Distinct changes in the immune system are reported with aging [28,29] and are being explored with frailty [30,31]. Many of the distinct changes in T cell dysfunction found in MM patients parallels that of aging and frail populations. T cell dysfunction is commonly reported in MM where markers of immunosenescence are associated with relapsed disease [32]. Clonal expansions of T cells are common with aging and are also present with long-term survival in MM [33], although the biology of clonal expansions may differ. Anemia, inherent to MM, has been independently associated with functional disability in older adults [34]. miRNA expression profiles have been shown to correlate with age in healthy populations [35], cardiovascular disease [36,37], but not frailty in solid tumor cancer populations [38]. Other biomarkers, such as N-terminal fragment of B-type natriuretic peptide, have recently been shown as useful predictors of survival, independent of age and performance status in MM patients [39]. Markers of T cell immunosenescence and exhaustion have recently been reported to have an association with relapse after MM transplant [40].

A molecular marker of cellular senescence is peripheral blood T cell p16INK4A (p16). p16 mRNA accumulates in aging tissues and increases with chronologic aging and with internal and external stresses [4144]. Over the human lifespan, p16 expression levels increase more than 16-fold in peripheral blood T cells [45]. There is considerable evidence that p16INK4A is 1 of the most robust and validated aging biomarkers. p16INK4a is being explored for risk of chemotherapy toxicity and transplant tolerance [46,47]. External stressors can trigger p16 expression such as physical inactivity [48], tobacco use, or chemotherapy [47,49].
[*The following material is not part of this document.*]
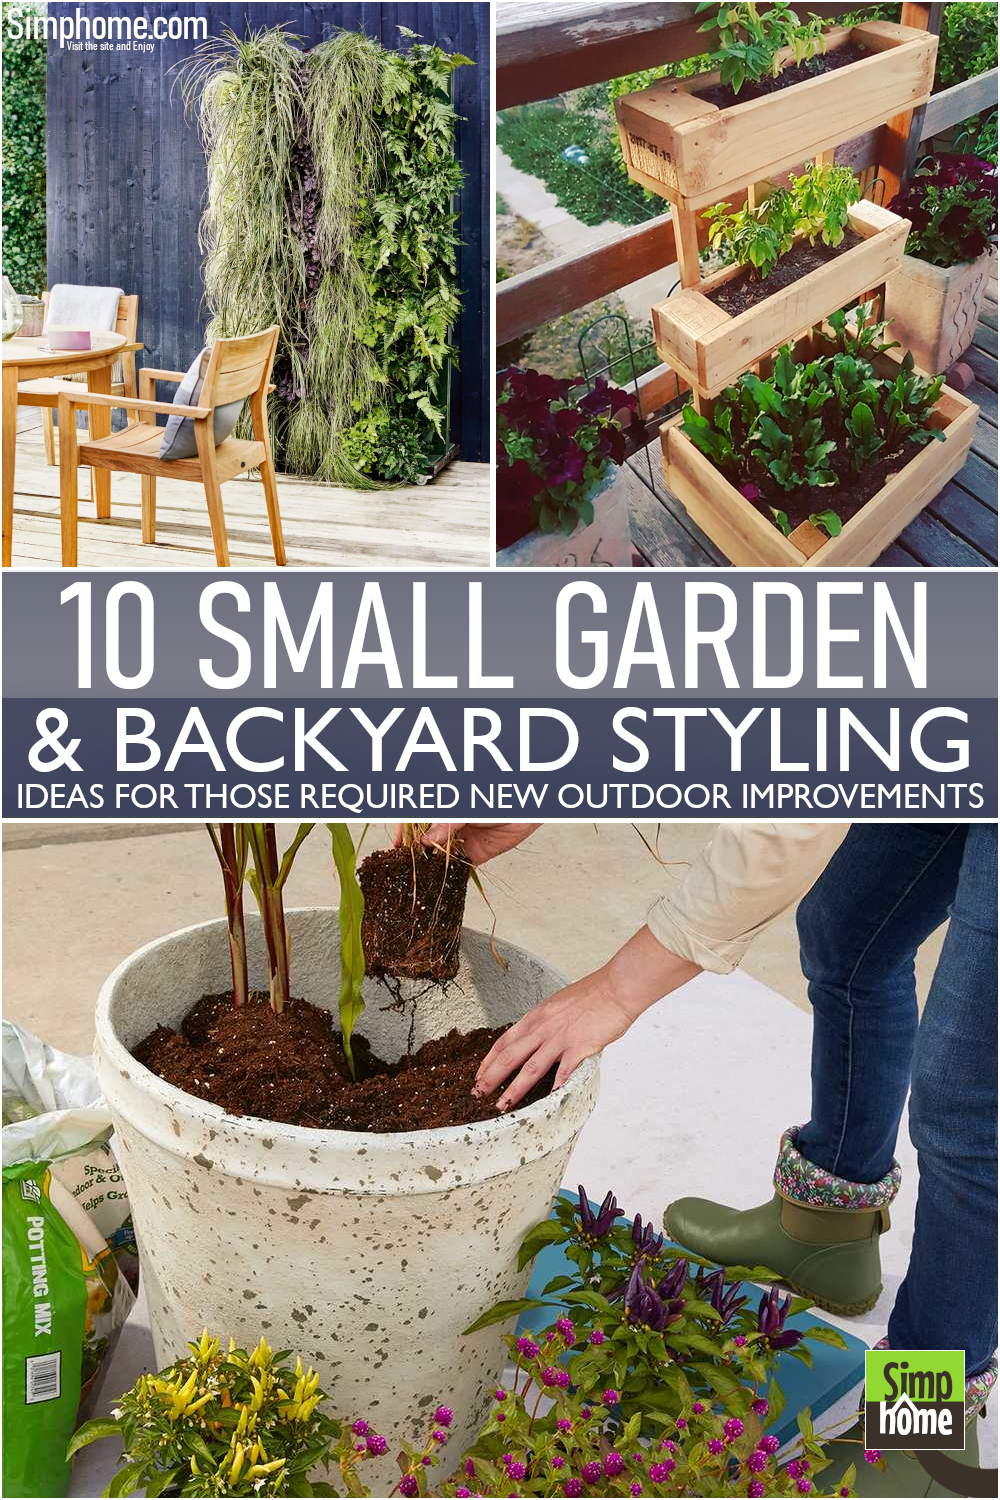 10 Small Garden and Backyard Styling Ideas

Aging biomarkers paired with geriatric metrics may provide a novel method to gauge risk of transplant toxicity in the MM population. The need for objective biomarkers of aging is especially important in the field of MM because of the aged population affected, heterogeneity in older adult fitness, and diverse treatment strategies that are available. Ultimately, an individualized approach to patient fitness based on geriatric metrics and aging biology can aid the clinician in decision-making for myeloma transplant.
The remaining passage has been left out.